I'm Not Mad at the Woman Who Probably Thought I Was Going to Rape Her
The other day I had an article that just was not coming together. I don't remember what it was... stupidest haircuts in Final Fantasy or something non-essential like that. I decided that I needed to go outside to walk and clear my head so I walked to the Sonic nearby to take advantage of the Happy Hour. Nothing makes a Route 44 Coke Zero taste better than only paying half the normal retail price.
Penny Arcade Penny Arcade's response to people offended by the "Dickwolves" comic
While I was waiting on my drink I noticed a woman walk past the restaurant wearing a Kroger uniform. She was obviously heading home after her shift. She was my age, maybe a little older, slight, pretty in a girl-next-door sort of way with frizzy hair and some rather impressively thick glasses I thought were adorable. I didn't think much about her beyond simply noticing her before being distracted to pay for my soda. Once accomplished, I started walking the same direction she was going on my way back to work.
I wasn't really thinking of anything in particular... just letting the wheels of writing turn in my head while I zoned out. I was brought back into focus when I realized I was about to walk right into the woman in front of me, who apparently didn't have as fast a gait as I did. She turned around startled just as I observed to myself, "It's probably not a good idea to give off the appearance of a man sneaking up behind a woman. That's a little rape-y."
She didn't scream or whip out a can of Mace or anything, and I smiled a little and held up my cup as a sort of, "Would a rapist have such an improbably large drink?" gesture. She somewhat hesitantly returned my smile, but immediately moved sidewise into a nearby parking lot away from the shadow of the trees and the line of bushes that grew along the sidewalk. Every bit of body language screamed, "I'm sorry, but I'm scared of you."
I just nodded, still smiling, and walked on ahead of her toward my door.
There's a recurring motif I find when I masochistically peruse Men's Rights blogs, and that it is somehow worse to have someone be worried that you might be a rapist than to actually be afraid of being raped. More than that, but that such a fear is proof of a woman's blatant hatred of men, and that it constitutes discrimination and attack.

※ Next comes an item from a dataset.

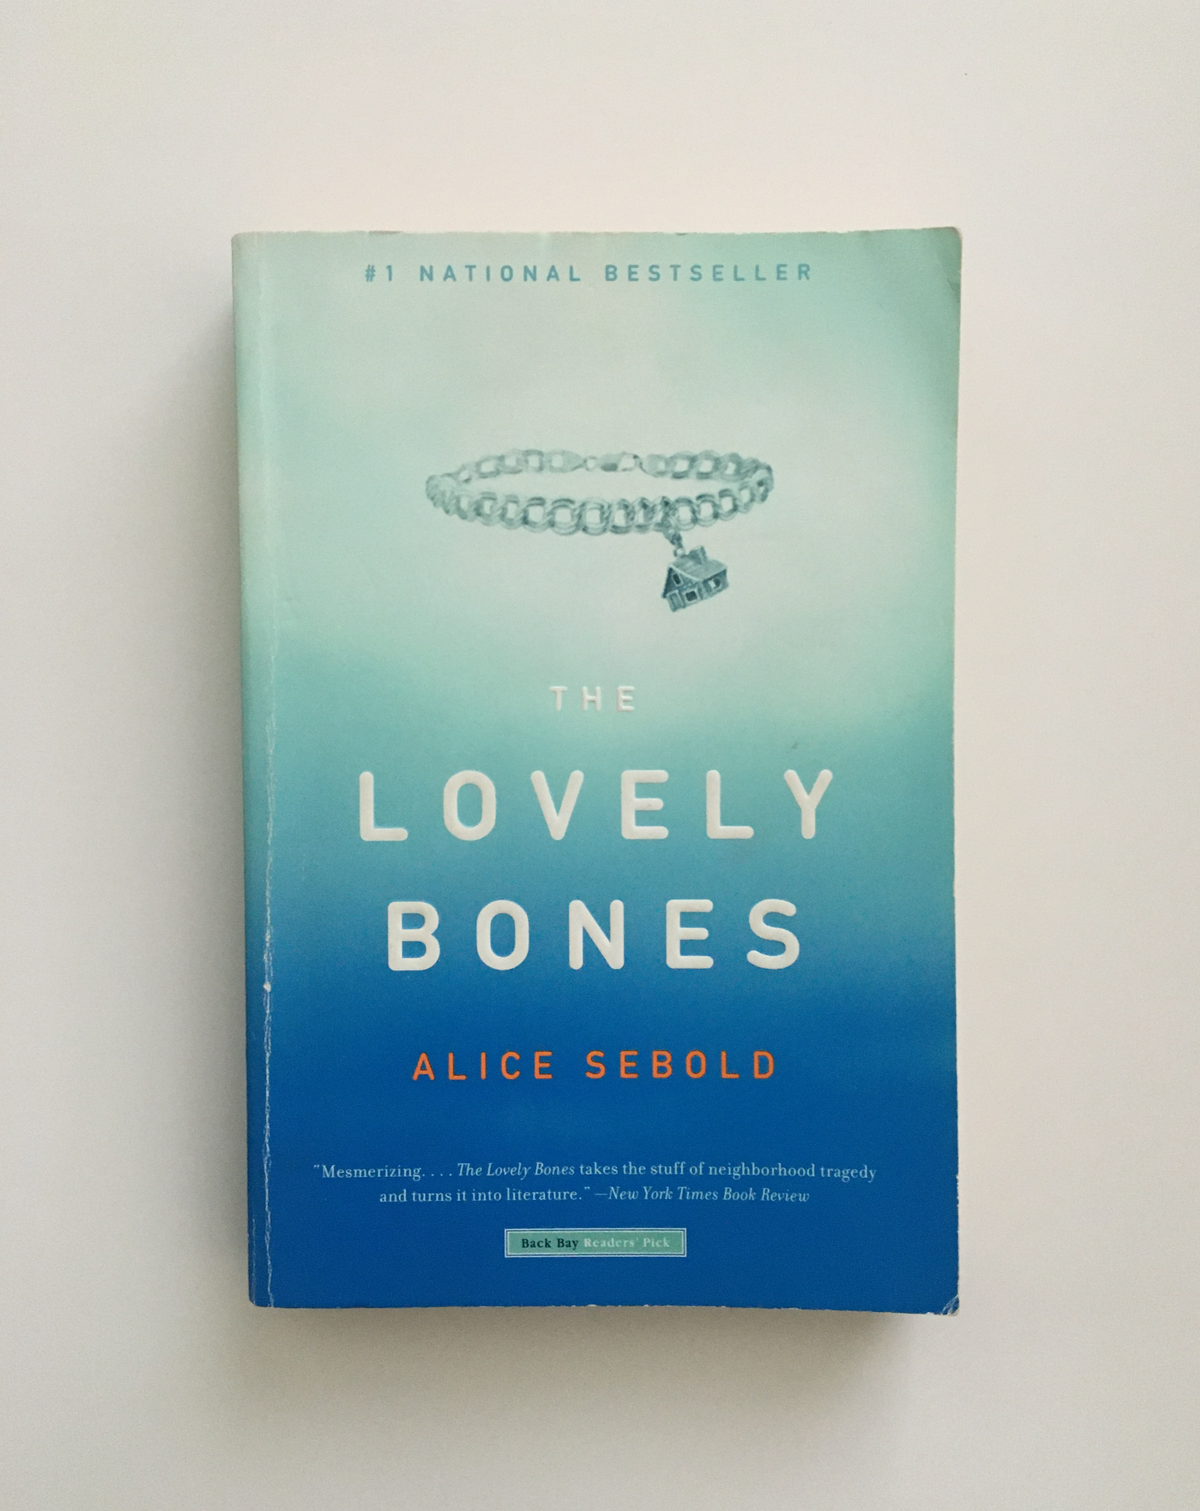 The Lovely Bones by Alice Sebold, book, Ten Dollar Books, Ten Dollar Books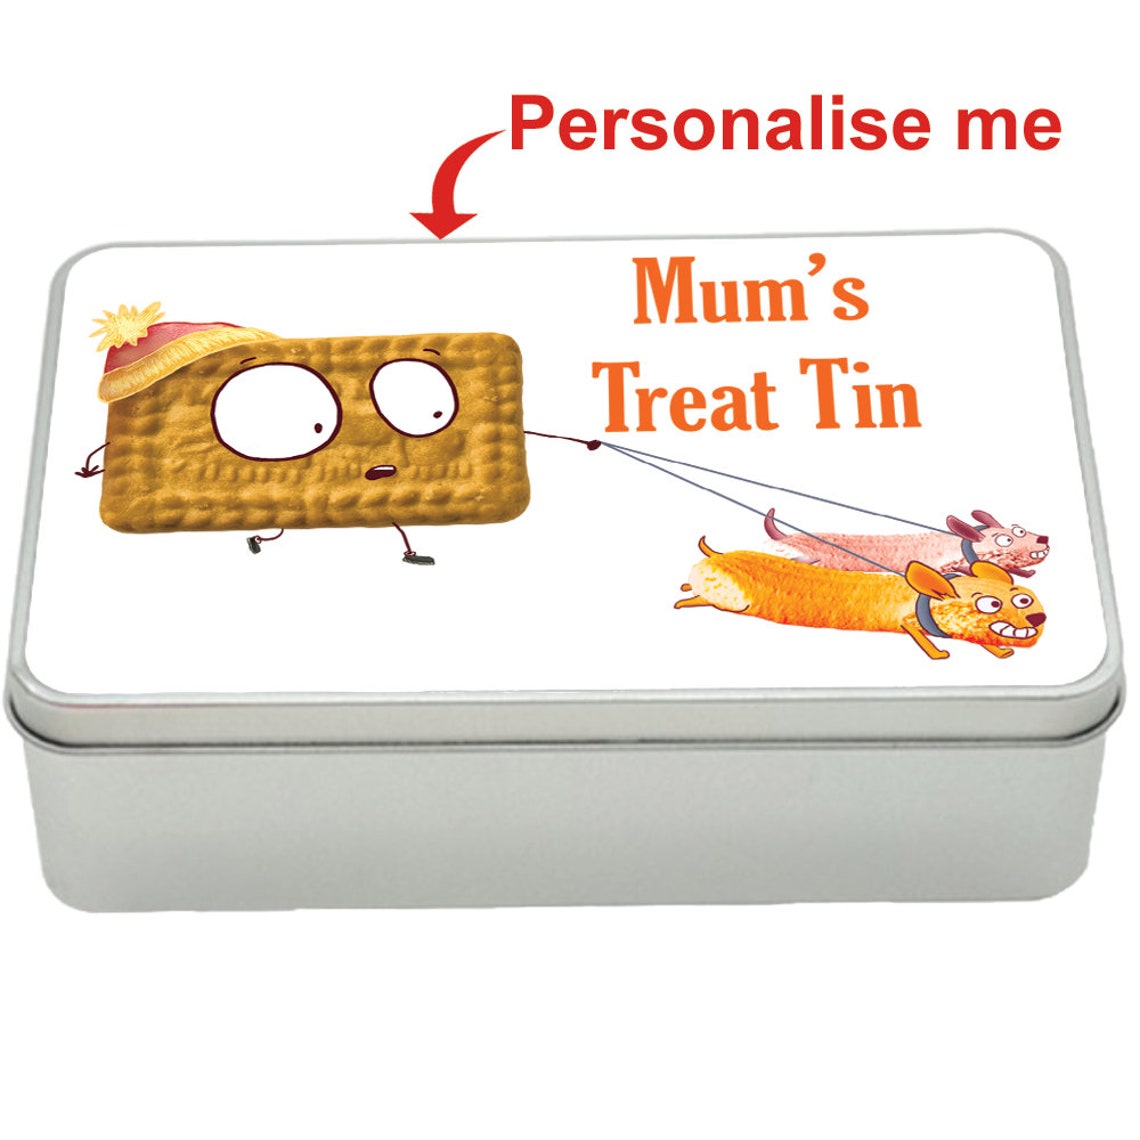 Malted Milk Dog Walk treat tin gift idea, personalised storage tin biscuits

I'm not going to pretend that a part of me deep down wasn't thinking about saying something along the lines of, "Jeez, lady, lighten up." After all, I was just a man with a drink walking down the street minding my own business and thinking the least rape-like of thoughts. Suddenly there's some woman treating me like a criminal.
Yeah, there's a bit of me that felt that way, but there's a bigger part of me that truly understands the concept of privilege. The Men's Right crowd likes to call what I feel guilt. I feel guilty that some men rape woman. I feel guilty that some men have taken advantage of women in a variety of ways over the course of history. In short, because men are this perfectly united and homogeneous group with absolutely no dissension among us, I must be assuming that the work of criminals among my "class" should speak ill of me personally.